Data saved in these two tables is persistent between sessions. We can use procedure "sys.querylog_empty()" to clear content from those two tables.

CALL sys.querylog_empty(); –procedures are started with the "call" keyword

In the current session we can start logging with the procedure "querylog_enable()".

CALL querylog_enable();

After that, I will run statement "SELECT * FROM voc.tblSample;" three times.

This will be, now, the content of the "querylog_catalog()" table.
SELECT * FROM querylog_catalog();

"Owner" is the user who started the query at "defined" time.

We can also read from the "querylog_calls()" table.

SELECT * FROM querylog_calls();

In this table we can see the "start" time and the "end" time of our query.  

We can stop logging or queries before the end of the session with:

CALL querylog_disable();

Threshold

Each time we enable logging, our logging tables will become bigger and bigger. This can make the search for a query troublesome. In order to control amount od statements that will be logged, we can use "threshold" argument.

CALL  querylog_enable(5000);

The threshold will limit the logged statements to only those whose execution time is longer than 5000 milliseconds. This allows us to perform profiling, to find the queries that are sucking up our resources the most.

0025 SystemD, Monetdbd, Mserver5: Clarification

Computer Process

When we start one program (e.g., Excel), we'll start one process.

Process occupies part of a CPU, part of memory and can only see files that are opened by that process. In that way, process is like a small virtual machine. Excel process is working inside of such small virtual machine and can only access workbooks that we have opened inside of that Excel (e.g., Book1.xlsx and Book2.xlsx). The purpose of a process is to isolate one program from everything else.

Processes, Daemons and Services

We can divide processes into 4 groups:

  • User process is a process with a friendly interface toward human users ( like Notepad.exe ).
  • Daemon process is a process with a friendly interface toward other programs ( "Windows Time" (w32time) service ).
  • Service is a daemon which provides interface to some essential functionality. For example, Apache server is a service because through it we get our web pages. In the background, Apache server will pull needed data from the MySQL database which is another daemon. In this setup, Apache server is a service daemon, and MySQL database is a normal daemon.
  • Some processes are in between. Microsoft Outlook is a user process dominantly, but it also has an VBA api, so it is partially a daemon.

We can see that the major difference between these processes is stemming from their indented usage. Usually, daemons will start when the OS starts and they will work in the background without users' interaction.

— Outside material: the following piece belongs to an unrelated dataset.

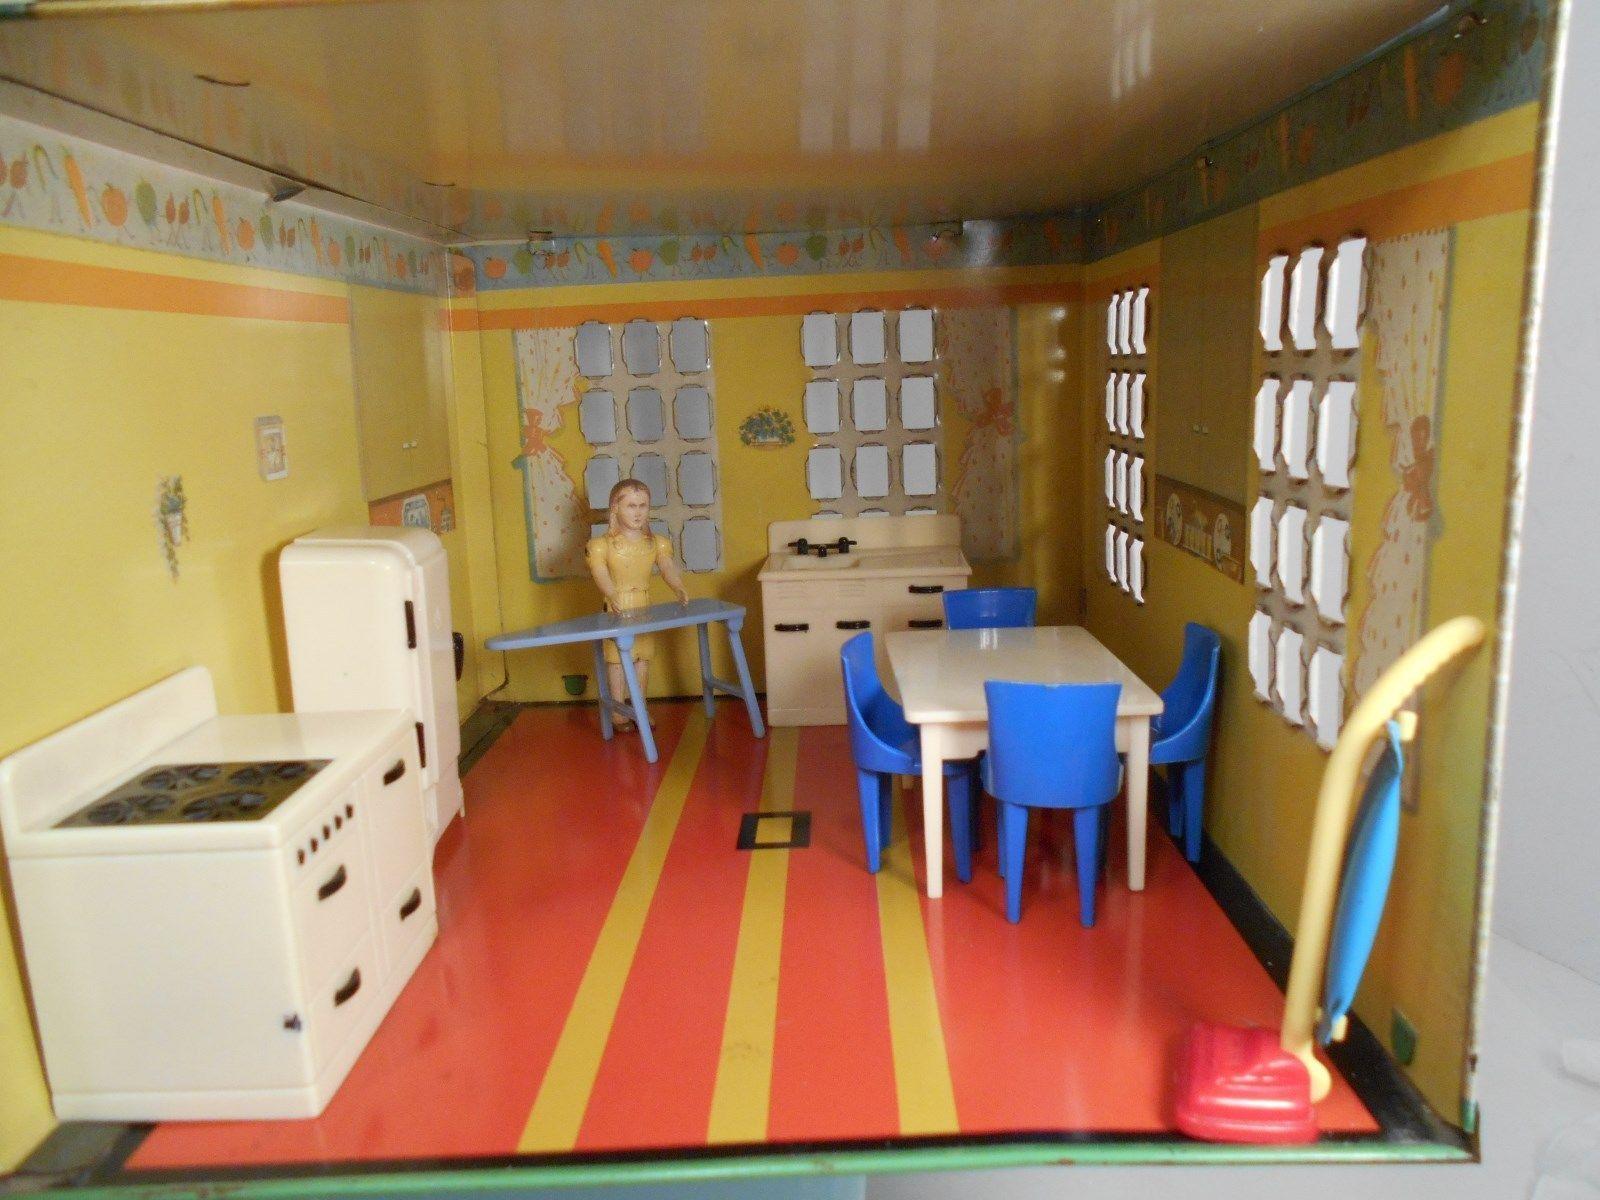 1948 F.W. Woolworthu0027s PLAYSTEEL Tin Litho DOLLHOUSE 5 Room Fully Furnished 1 :16 | EBay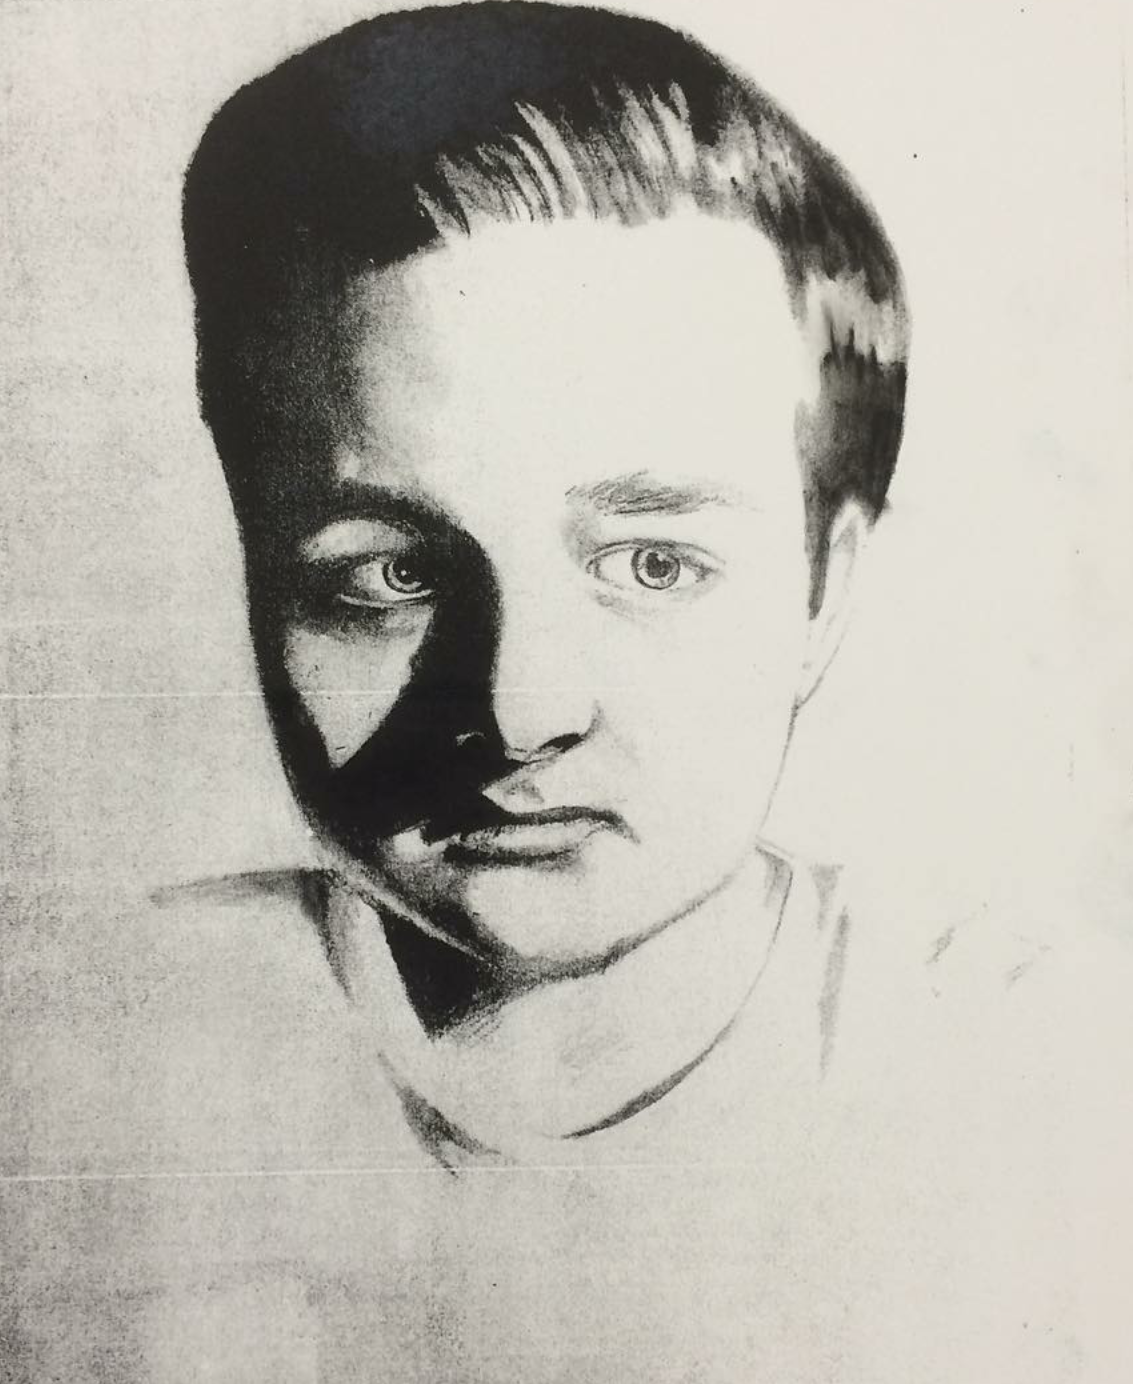 """Artist's Self Portrait"" -2015 Lithograph print on Bristol"

On the other side, daemons can also be started manually and users can interact with them.  We have already saw an example of such, manually started, daemon:

monetdbd start /home/fffovde/DBfarm1
monetdbd get all /home/fffovde/DBfarm1

Official Processes

In the "real world" other definitions are used. Something is a daemon or service only if it is officially registered with the operating system. Only processes registered in "Systemd" on Linux systems are called Daemons. In Windows, only processes registered in SCM (Service Control Manager) are called Services.

Systemd and SCM are operating system components used to automatically start official daemons and services in the correct order, control resource usage, access rights, log, and restart failed services. From an OS perspective, this is the only way to distinguish between ordinary and special processes. Since Windows and Linux use such definitions, most people will also use those definitions.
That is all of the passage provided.